On the question of passenger authority, the examiner first noted the size, economic strength, and high air-traffic rankings of Detroit, Los Angeles, and San Francisco. He found a strong community of interest among these areas, and pointed to statistics showing that Los Angeles and San Francisco consistently appear among Detroit's first five air travel markets, while Detroit ranks fifth among Los Angeles' markets and seventh among San Francisco's markets.

Next, the examiner outlined the rapid growth of these markets between 1960 and 1963, described the fluctuating market shares of United, American, and TWA operating under their existing restrictions during this period, and analyzed the unique circumstances which contributed to the market conditions. In the latter respect, the examiner noted that American had achieved a position of dominance in both Detroit-California markets despite its one-stop restriction, carrying over half of the Detroit-Los Angeles traffic and nearly two-thirds of the Detroit-San Francisco traffic in 1963. United, with its nonstop authorization (unused in the Detroit-San Francisco market until 1964), carried less than one-third of the Detroit-Los Angeles traffic and less than one-fifth of the Detroit-San Francisco traffic during the same year, while TWA's share of both markets had been reduced to comparative insignificance, even though it had been a vigorous competitor in the Detroit-Los Angeles market a few years earlier, carrying slightly less than one-third of the traffic in 1960. The examiner accounted for the market fluctuation in part by American's early use of Detroit's Metropolitan Airport, which was more convenient to the city than Willow Run Airport, utilized by United and TWA while awaiting completion of their facilities at Metropolitan, and in part by a special, lower "economy service" fare offered between Chicago and Los Angeles by American in recent years.

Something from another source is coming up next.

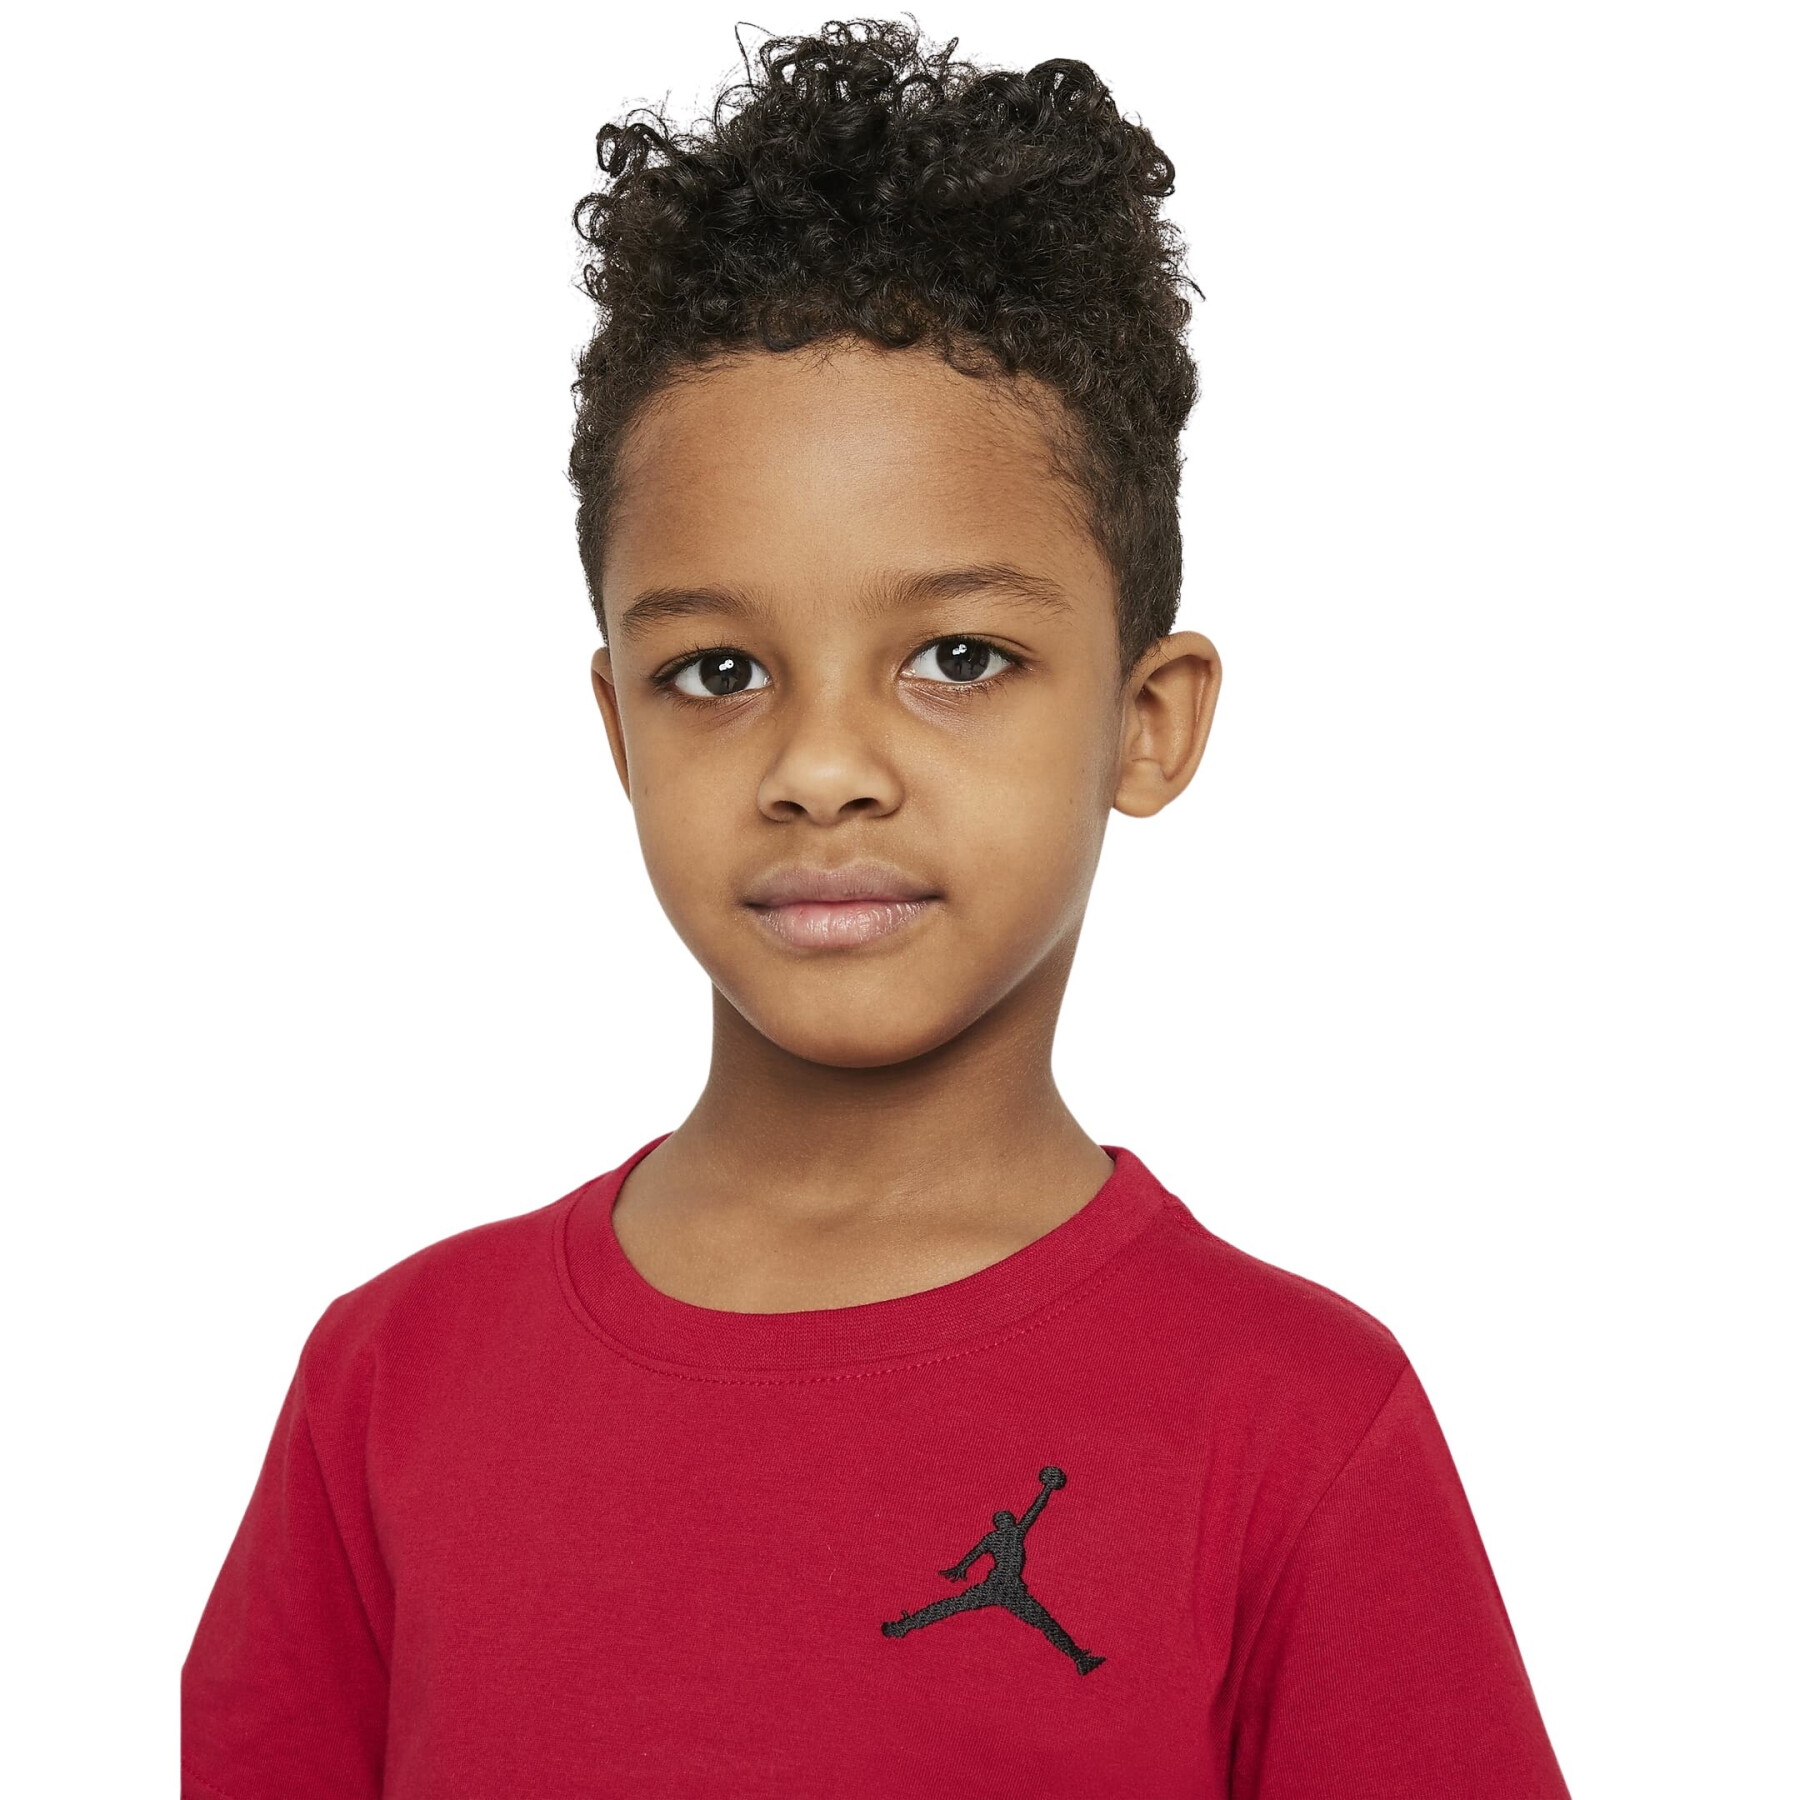 Kinder-T-shirt Jordan Jumpman Air EMB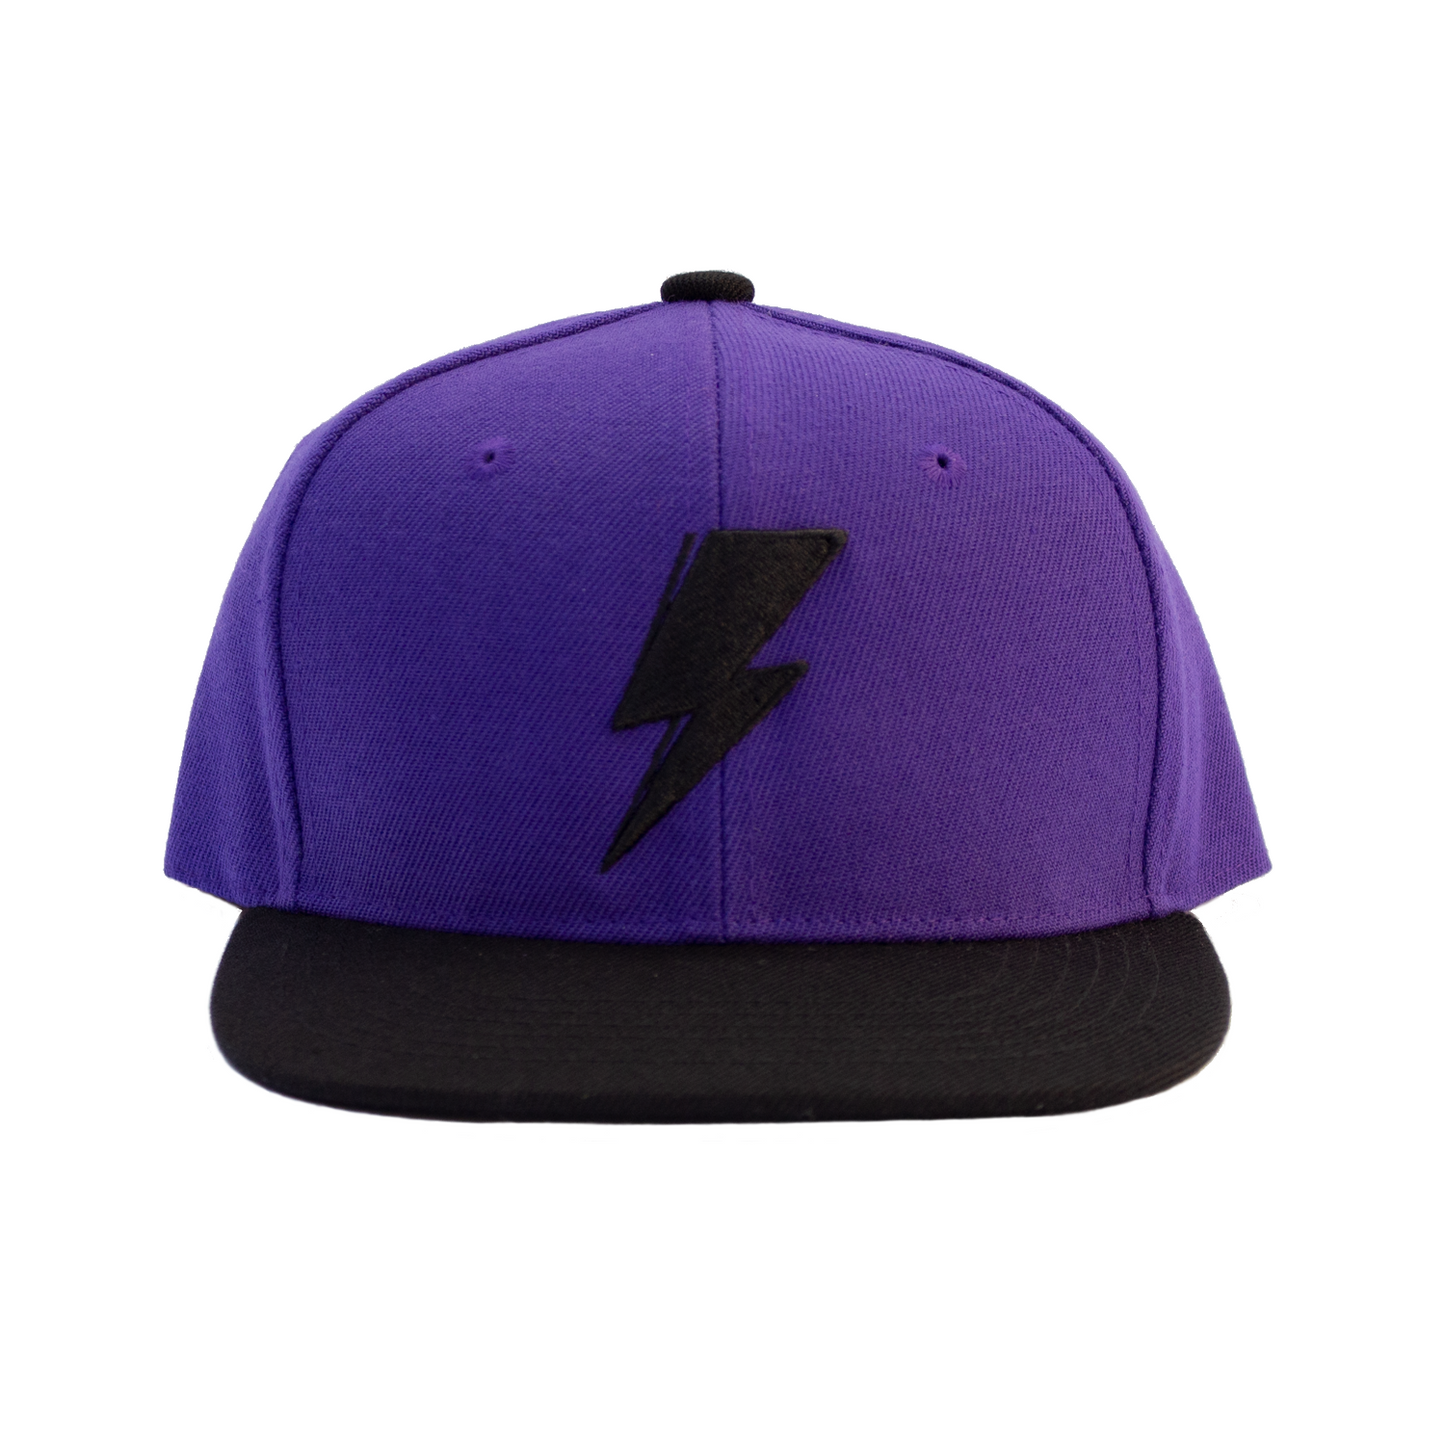 Svolta Youth Child Kids Boys Girls snapback hats 3D embroidered ightning bolt purple black

The examiner then embarked upon an extensive analysis of the service being provided in the Detroit-California markets in relation to the service afforded in comparable markets throughout the country. In his words, "by reason of their relative size and importance valid conclusions can be drawn from proper comparisons with the other major markets in respect of the number of nonstop authorizations, the number of nonstop schedules provided, and the extent to which such schedules are utilized." The examiner found that the existing Detroit-California pattern of service occupied a very low position from every standpoint in which comparisons were drawn.

Having thus determined that an "enlargement of the nonstop authorizations" was required, the examiner stated that "consideration of all the significant aspects of the existing situation" led him to conclude that the nonstop, turnaround restrictions of all three carriers in both markets should be eliminated. Among the factors considered by the examiner in reaching this conclusion were competition, carrier priority rights, adverse financial effects, and Board precedent.